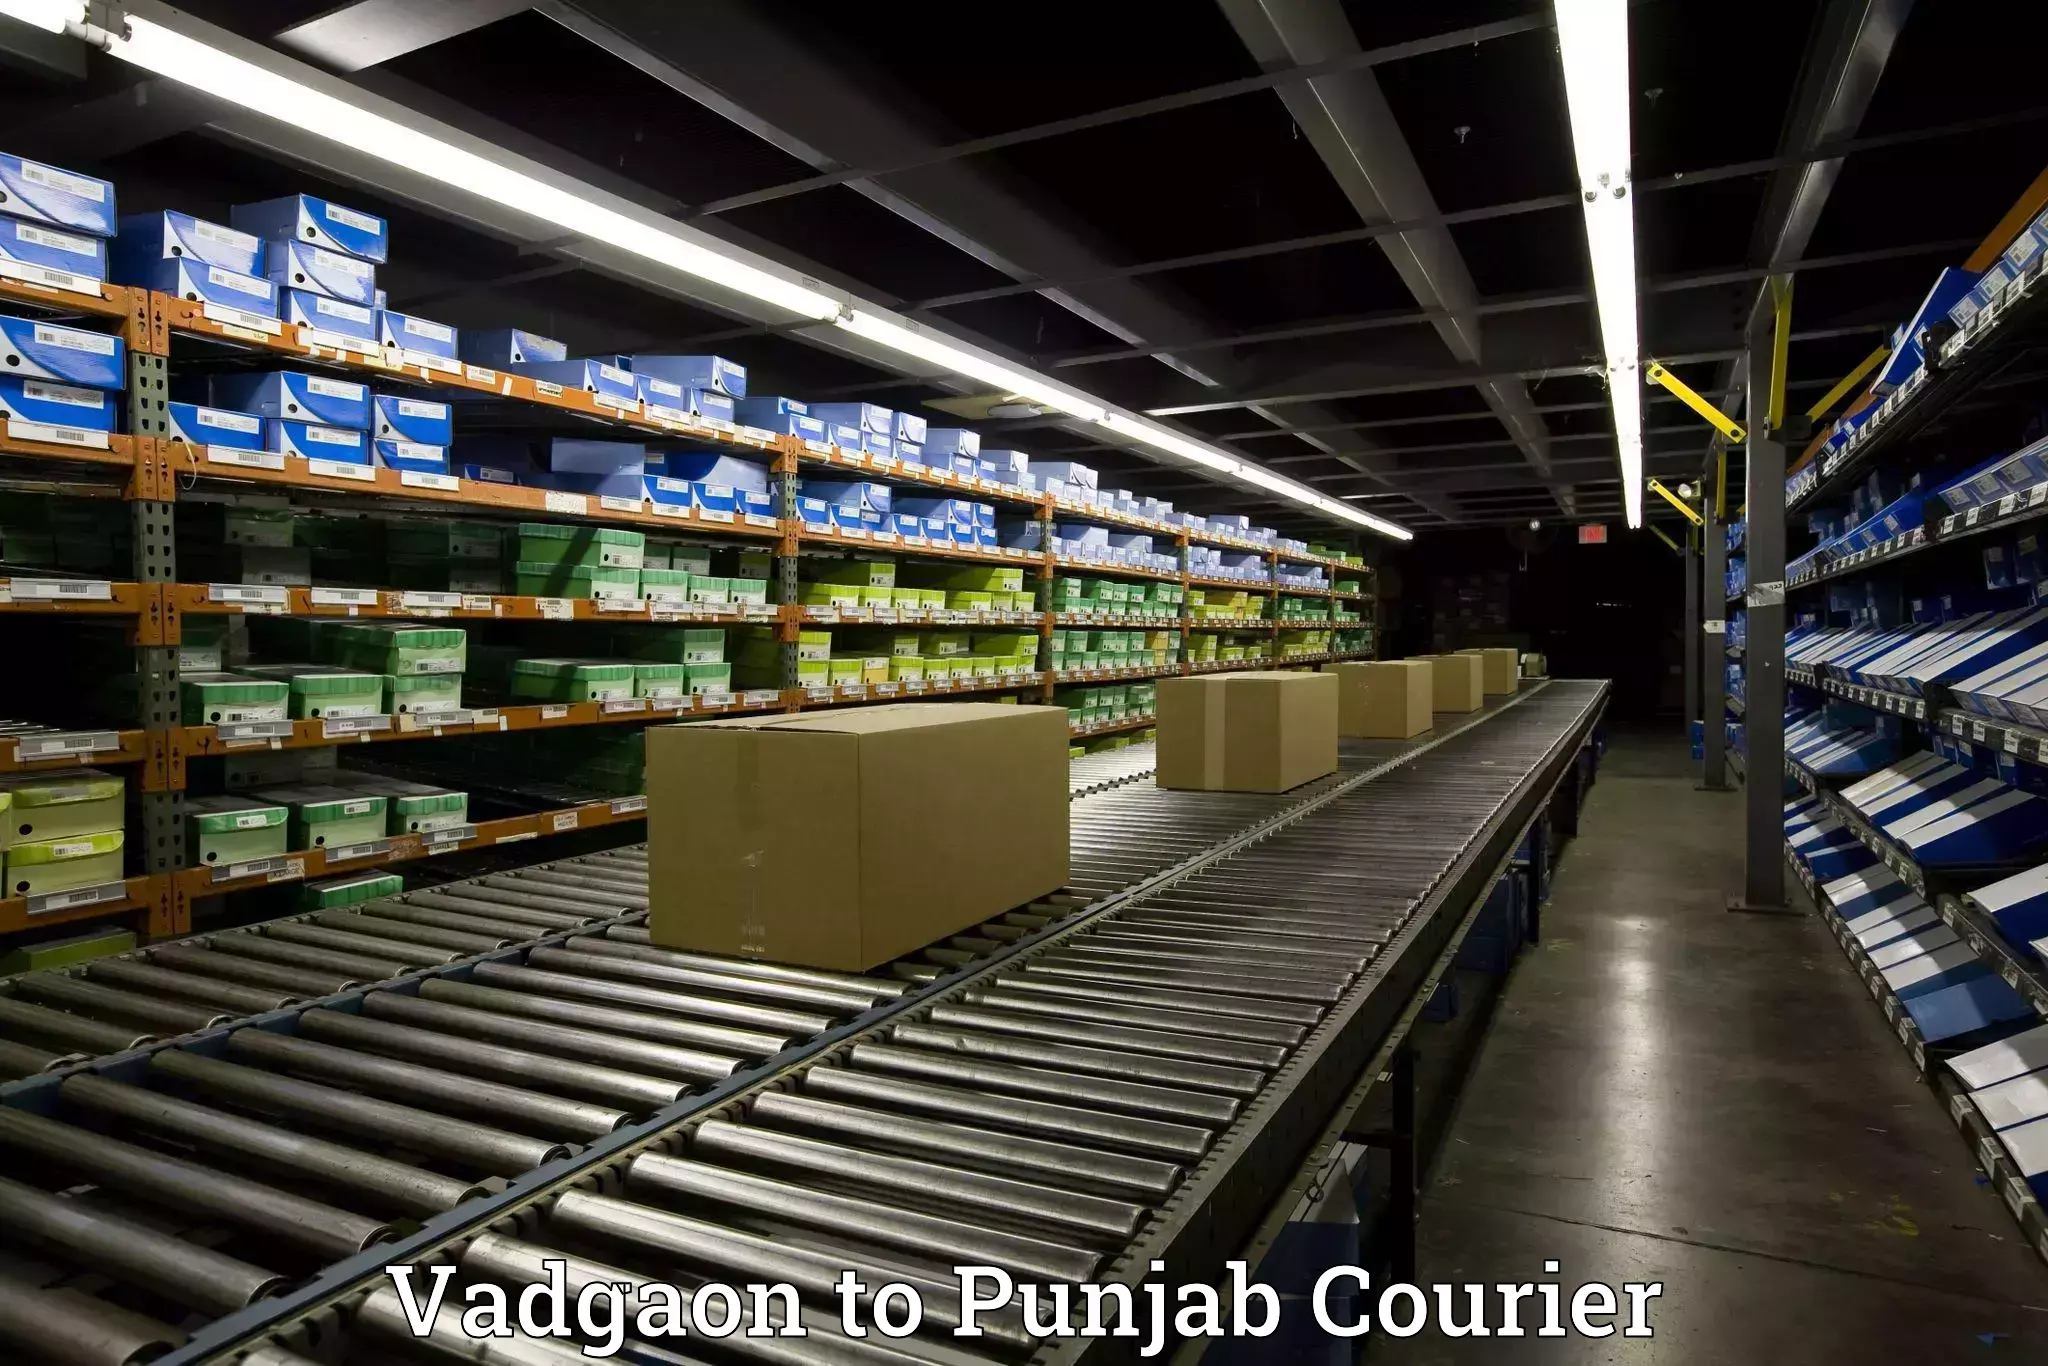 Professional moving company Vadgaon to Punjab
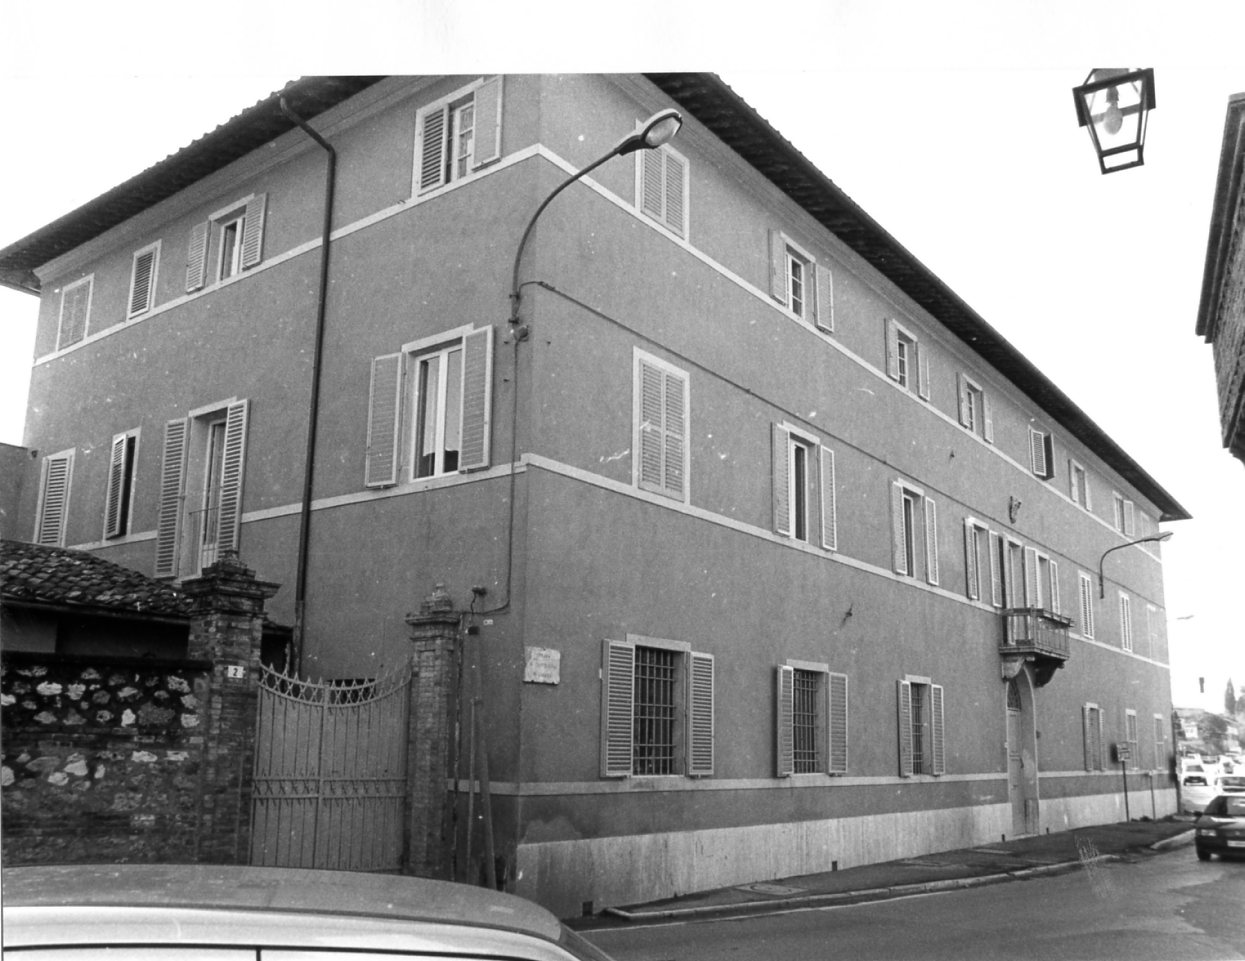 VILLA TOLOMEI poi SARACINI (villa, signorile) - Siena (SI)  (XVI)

_ _ _ _

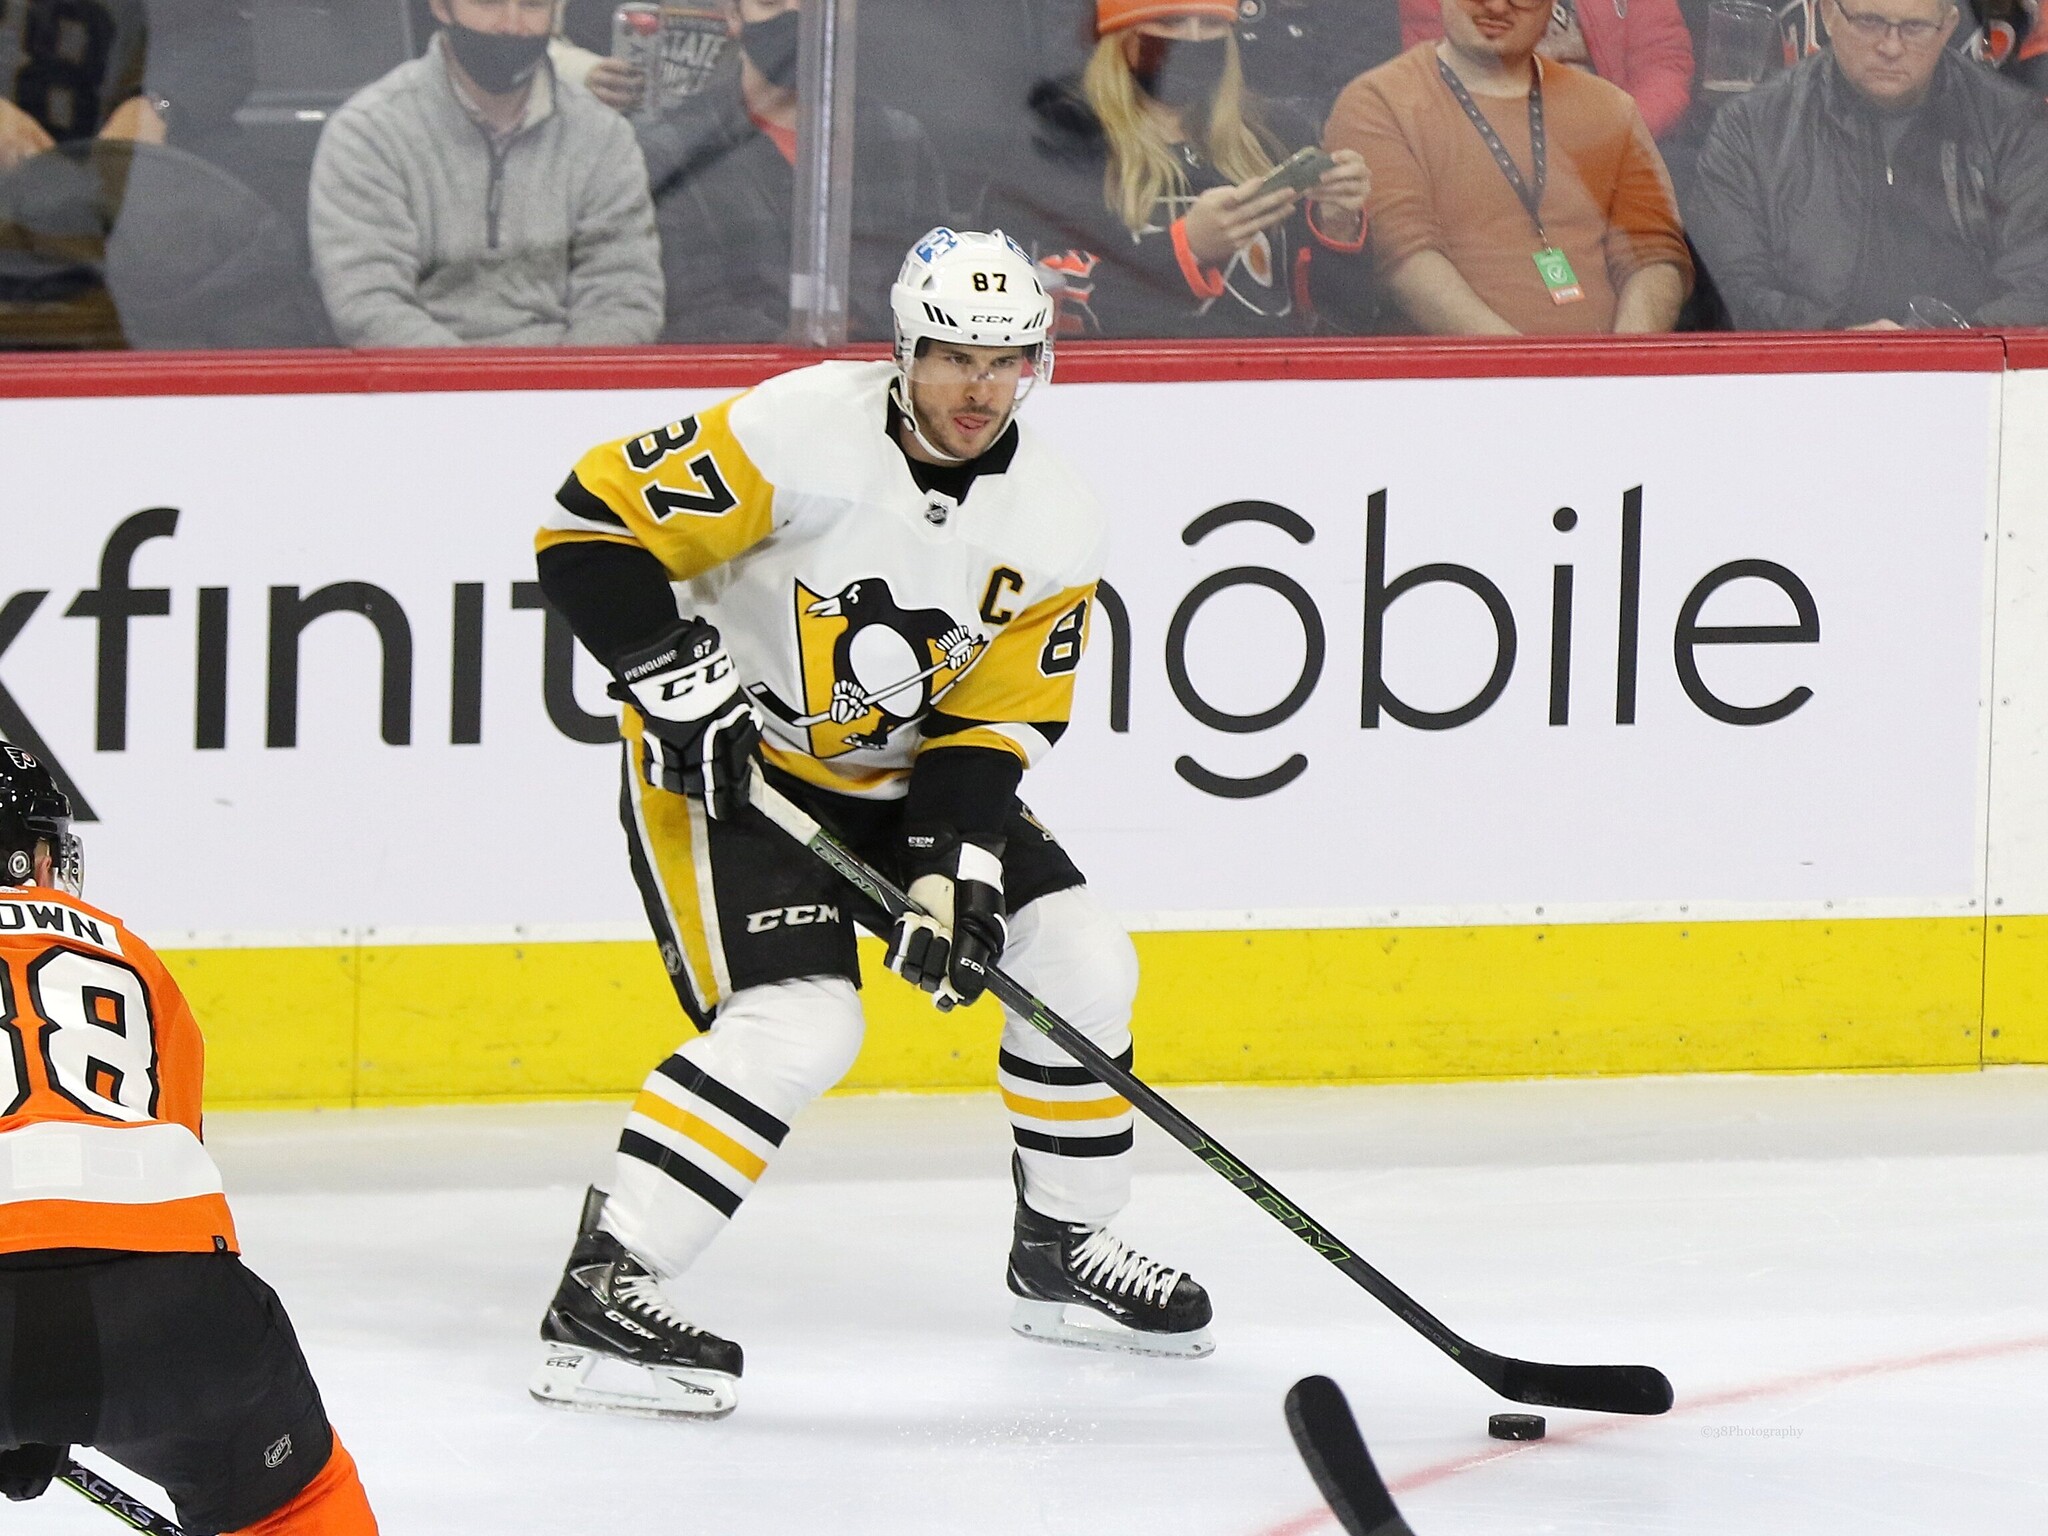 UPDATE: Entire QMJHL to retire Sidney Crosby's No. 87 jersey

_ _ _ _

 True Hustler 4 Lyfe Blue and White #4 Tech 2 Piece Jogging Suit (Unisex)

_ _ _ _

▸ **Task objective**: Take the material above and output only the lines from the one that contains "Professional moving company" through the one that contains "VILLA TOLOMEI poi", ends included and images left out.

▸ **Task result**:
 Professional moving company Vadgaon to Punjab
 VILLA TOLOMEI poi SARACINI (villa, signorile) - Siena (SI)  (XVI)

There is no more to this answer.